In other words, education workers are supposed to sit on their hands and do nothing while Ford and his hard-right ministers issue threats, whip up a vicious campaign against teachers and support staff—accusing them of planning to take kids “hostage” and “disrupt” their education—and “negotiate” a package of real-terms pay cuts behind the scenes with the unions. Education workers will then be called upon to approve these rotten tentative agreements in votes accompanied by a cacophony of propaganda about greedy teachers and education staff endangering the “normal learning experience” of students and childcare provision for working families.
Education workers have seen this game play out before. In 2019, as anger grew across the province over the Ford government’s austerity program, the unions delayed calling strike votes until the contracts had expired. With 55,000 support staff set to walk out in early October 2019 after an overwhelming strike vote, CUPE reached an 11th-hour deal with Ford that included the enforcement of Bill 124’s wage cap, even though the law was not yet on the books. The teacher unions were forced by rank-and-file anger to call a series of rotating regional strikes, which were carefully planned to ensure that they never occurred on the same day or at the same time. After months of rank-and-file pressure, the teacher unions finally felt compelled to call out 200,000 teachers for a one-day strike in February 2020, which provoked widespread public enthusiasm. Shocked by the groundswell of popular support, the teacher unions responded by calling off all future strikes, before seizing on the pandemic as an excuse to enforce the 1 percent pay deal in sellout contracts. They then proceeded to denounce all collective action against the mass infection of education workers and students as “illegal.”
If Ford and Lecce were genuinely concerned about the “stability” of the education system and ensuring a full learning experience for all, they could start by providing education staff with an immediate 20 percent pay increase to reverse the 19 percent after-inflation pay cut education workers have suffered since 2012. They could then index wage increases to inflation in year two of the upcoming contract and beyond. They could immediately allocate the $14 billion in outstanding repairs and upgrades to school buildings across the province, make good the $1.3 billion they cut from the 2021-22 education budget, and make provisions to cover the $12.3 billion dollars projected by the Financial Accountability Office to be missing from education spending by 2030.

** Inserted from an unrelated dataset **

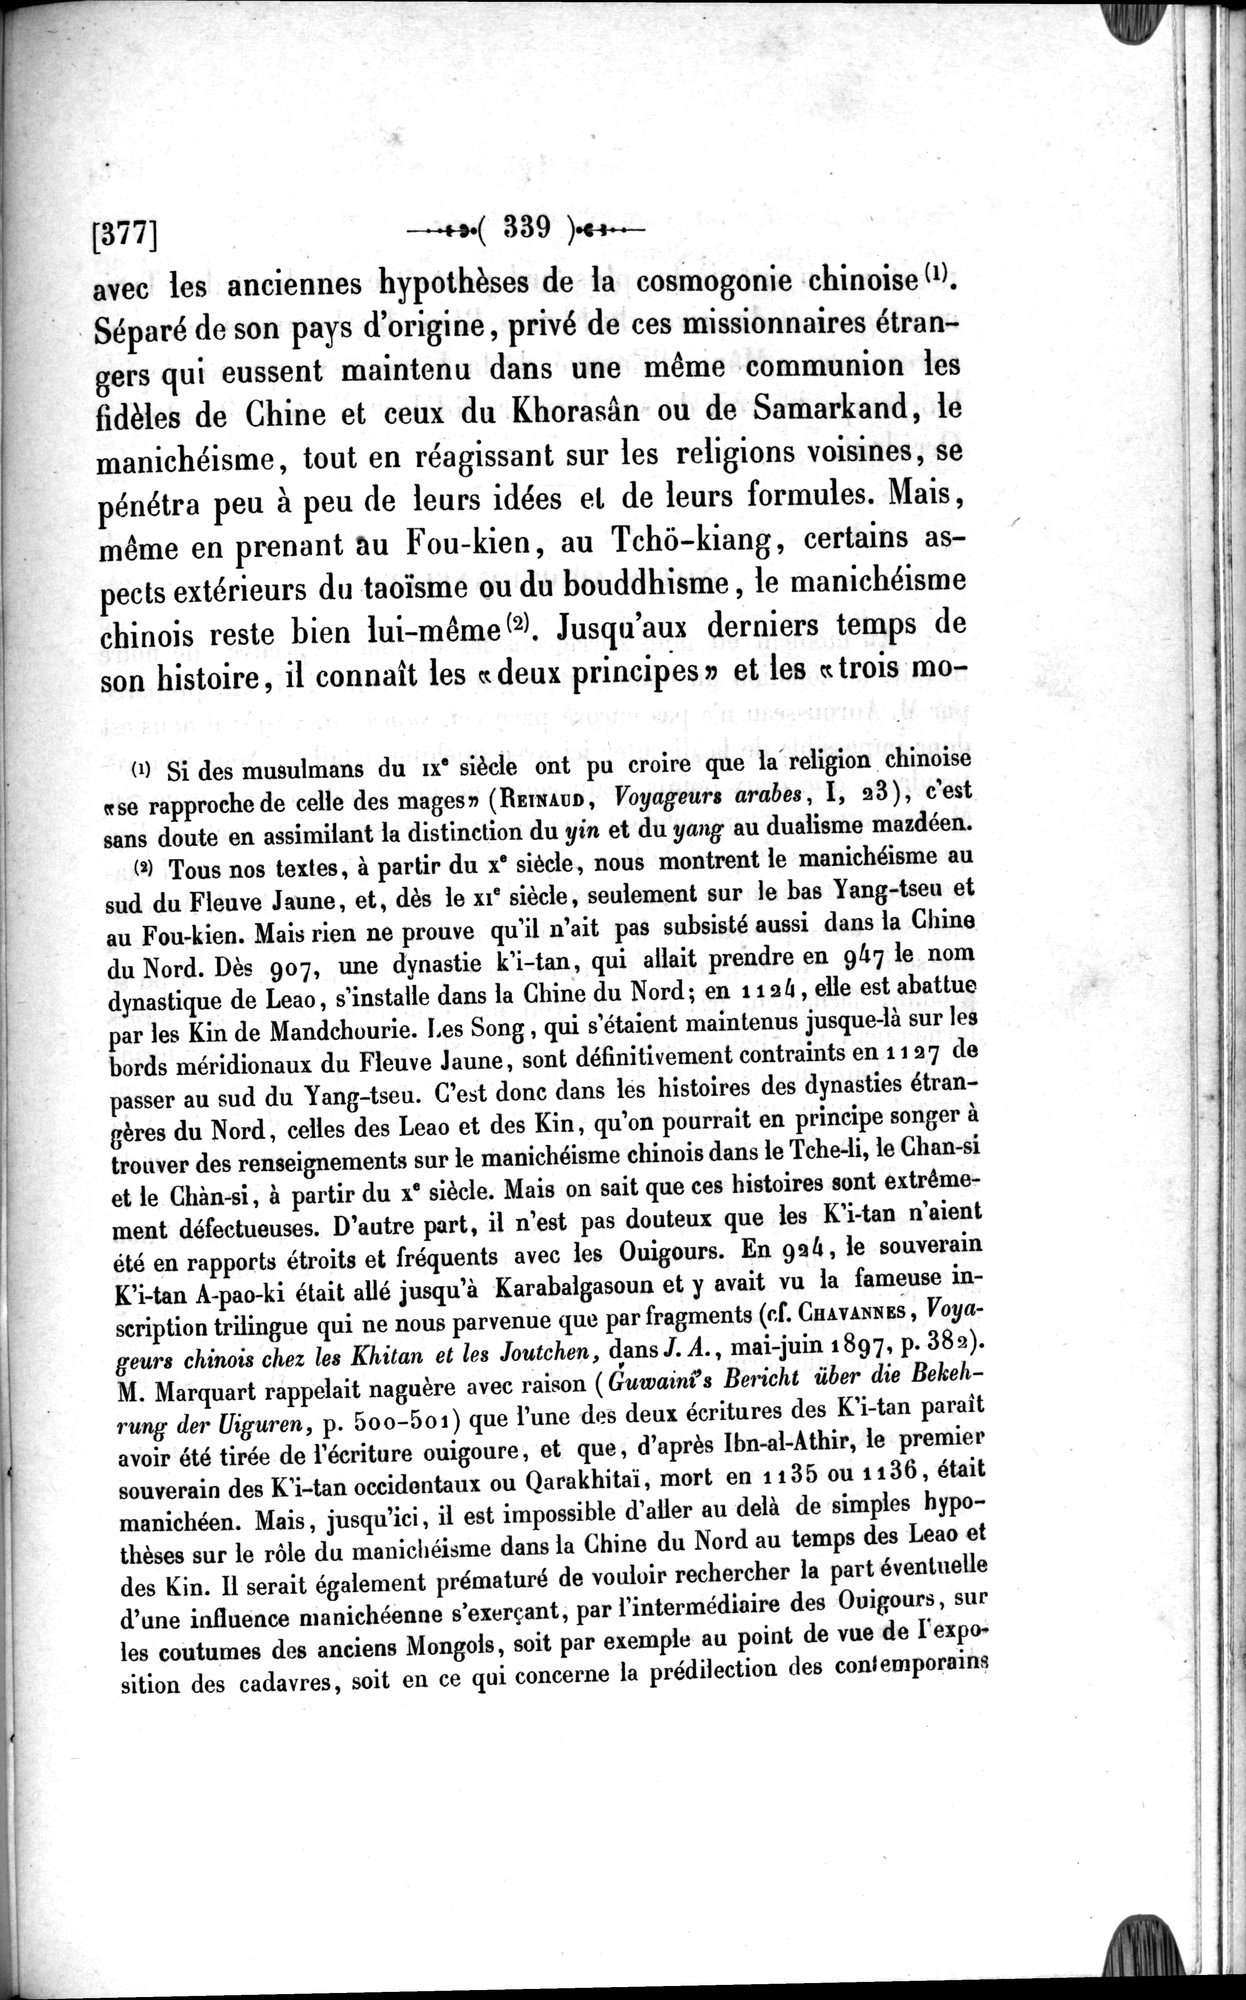 Un traité manichéen retrouvé en Chine : vol.1 / Page 349 (Grayscale High Resolution Image)
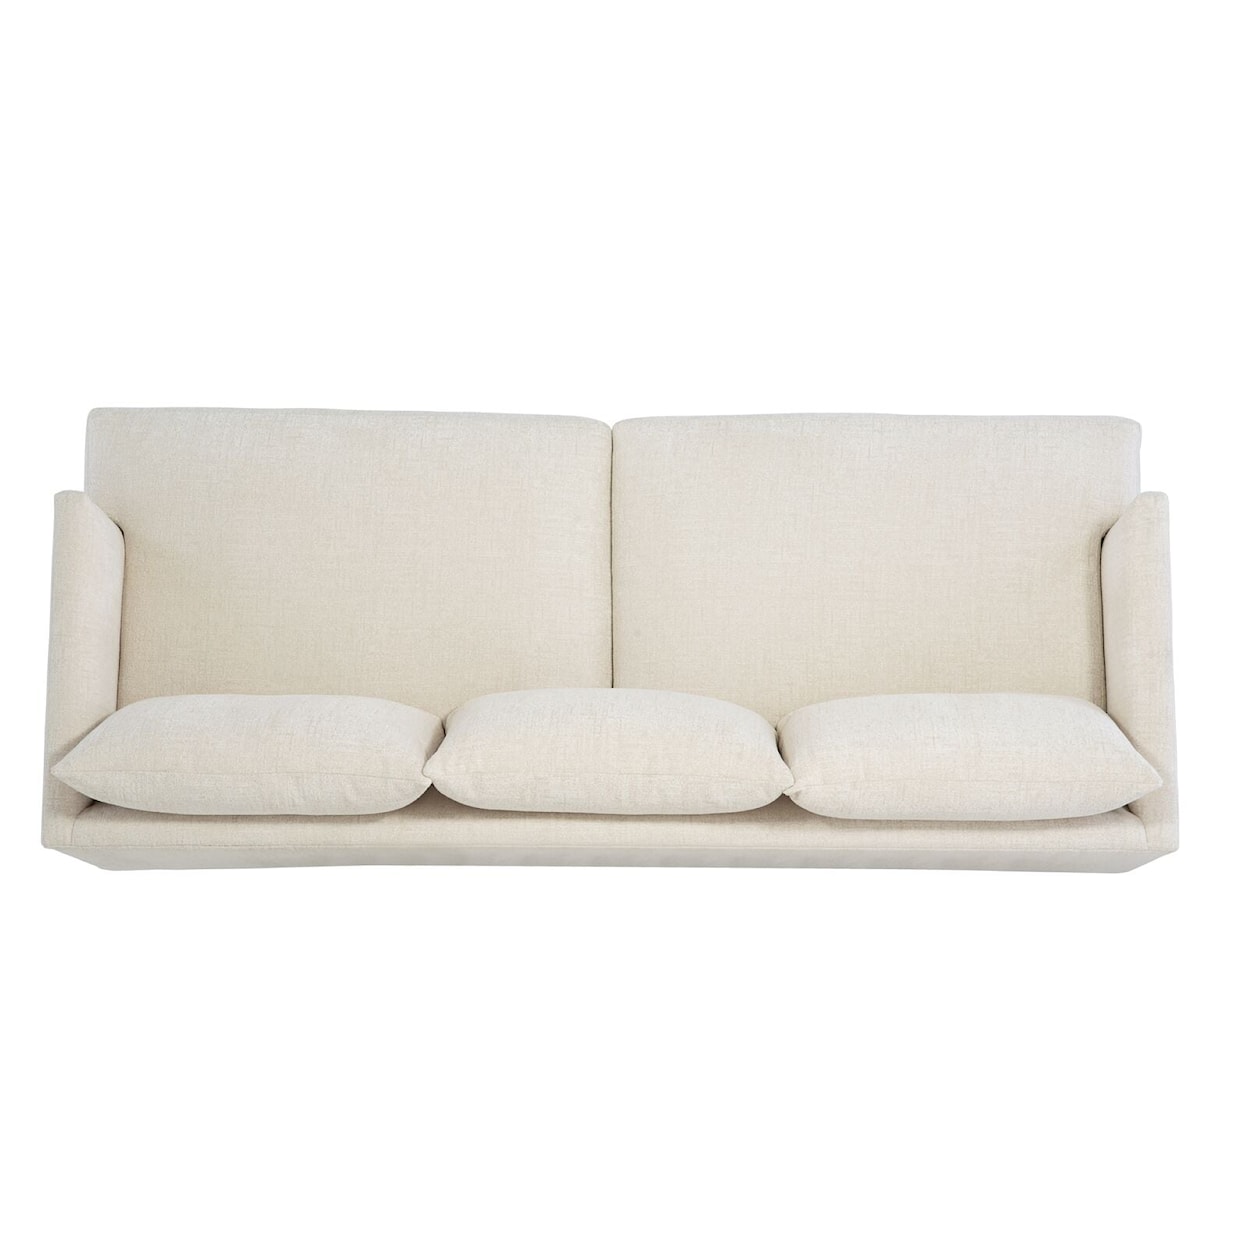 Bernhardt Plush Colette Fabric Sofa

Every education worker knows full well that they will do none of this, because their professed concern for kids’ education is a sham. These urgently necessary measures will only be achieved to the extent that teachers, education assistants, caretakers, and support staff unite to organize the mass mobilization of working people in a political struggle to fight for a strong public education system with decent-paying, secure jobs for all, and the return of strict public health measures to stop the spread of COVID-19. Education workers must take up an independent struggle for what they know they deserve and need, not only insofar as wages are concerned, but also to provide the kind of education system needed to teach and raise kids for a fulfilling life.